# Pyrosil Dutch coffee pot - Snog, marry or avoid ?



## jimbojohn55 (Jan 15, 2016)

Given this by a well meaning relative - I have no knowledge of such a device and its use - should I Snog, marry or avoid it or even cast it back into the fires of Mordor!


----------



## johnealey (May 19, 2014)

looks like a percolator, grind coarse and give it a whizz, will probably come out on the strong side so maybe not a device for the lighter bean

John


----------



## hotmetal (Oct 31, 2013)

That reminds me of my dear old grandmother when I was a kid. Used to sit and wait for the coffee to splash up into the glass handle thing on the lid. Blast from the past.


----------



## MWJB (Feb 28, 2012)

Give it plenty of time, 10min or more?


----------



## aaronb (Nov 16, 2012)

It is a percolator. I'd have said not particularly suited to lighter roasts but you may as well give it a try.

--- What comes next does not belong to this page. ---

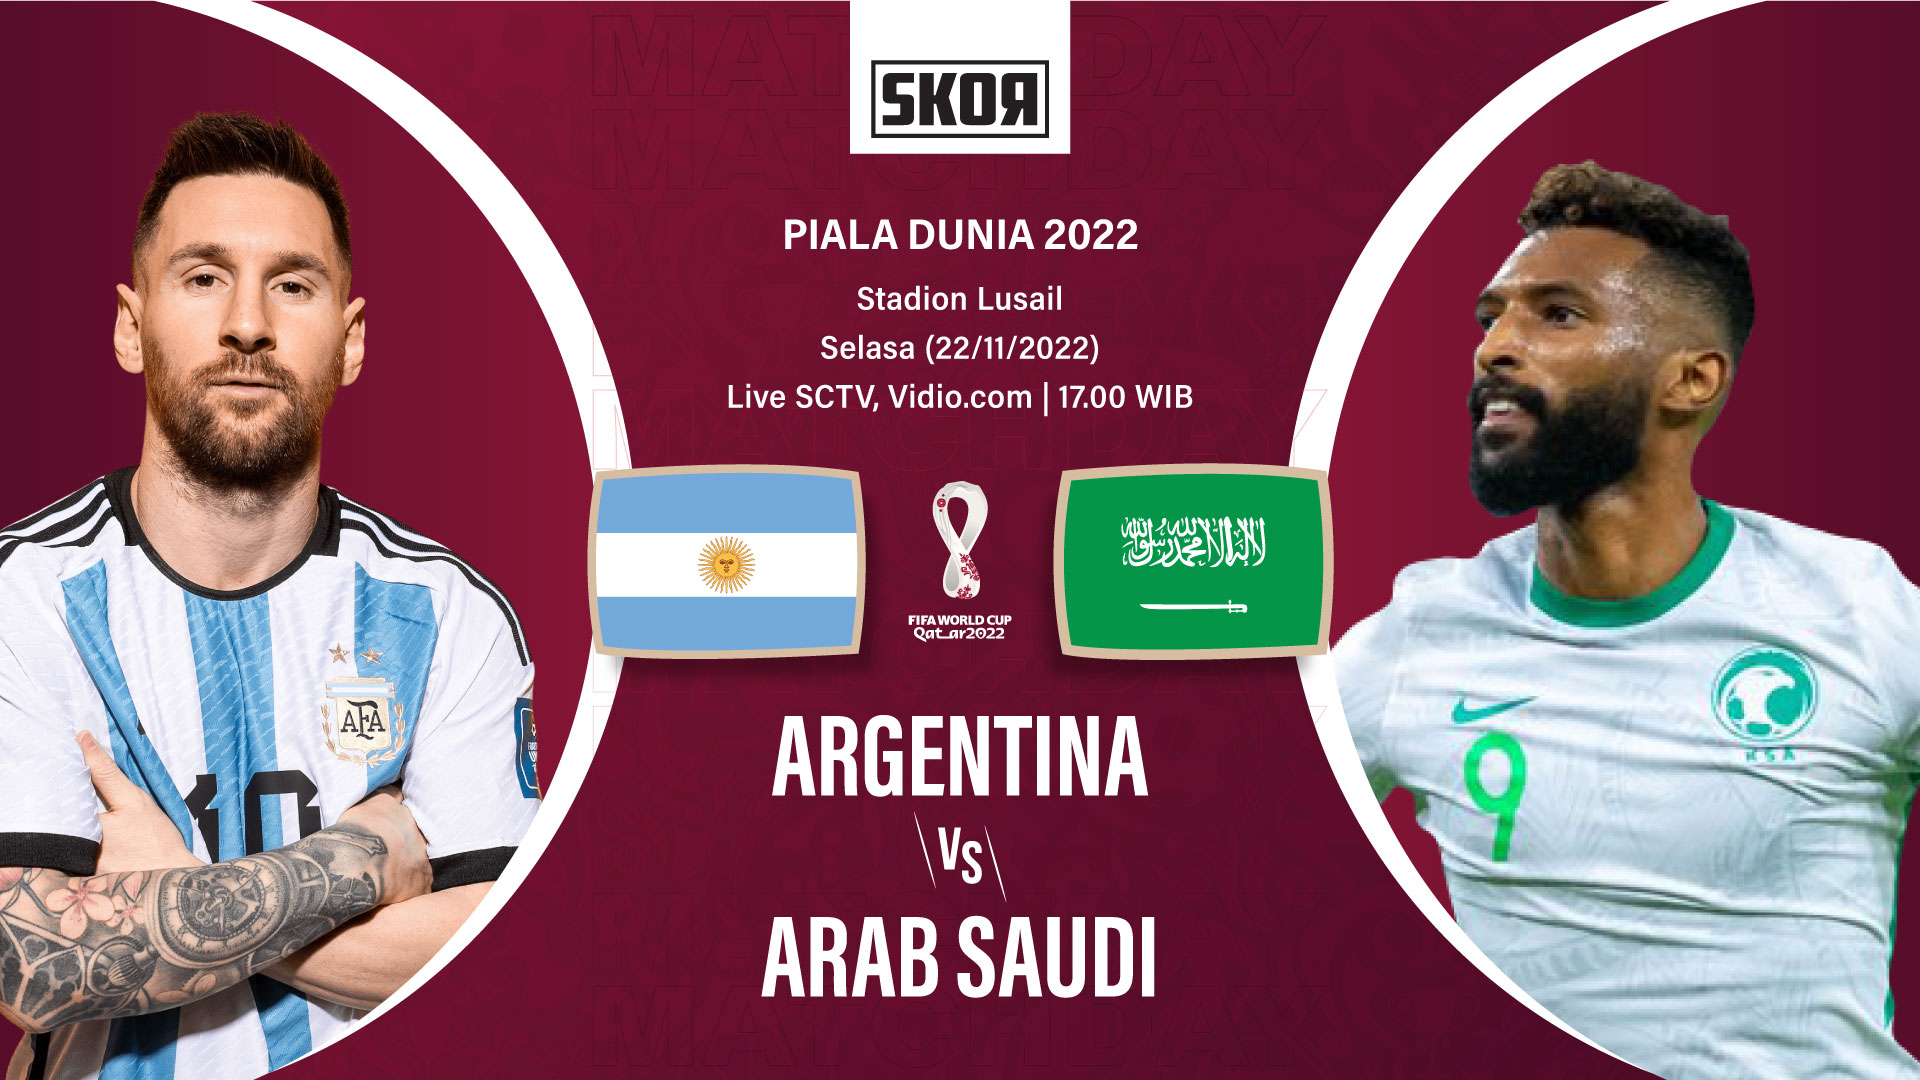 VIDEO: Kejutan Piala Dunia 2022, Arab Saudi Tumbangkan Argentina

I wouldn't say it is particularly Dutch, traditionally they would put Douwe Egbert's red label in their Phillips coffee dripper.


----------



## aaronb (Nov 16, 2012)

This is a much better explanation of how it works then I gave:

https://toquetips.fantes.com/percolators/


----------



## MWJB (Feb 28, 2012)

Brew by time, not colour of the coffee...it'll look good/dark enough whilst still very underextracted. Use your usual drip brew ratio.


----------



## espressotechno (Apr 11, 2011)

Pyrosil was one of those materials which can be transferred quickly from the freezer to the cooker hotplate (& vice versa) with any damage whatsoever.......not that coffee should be treated in such a way (!)....

Was made by Corning Glass, then discontinued when Pyrex ( an inferior material) became all the rage.


----------



## jimbojohn55 (Jan 15, 2016)

Ok tried it out today with a dark roast course grind - and it was ok - not my kind of thing, but OK - will be listing it on here and then flea bay soon


----------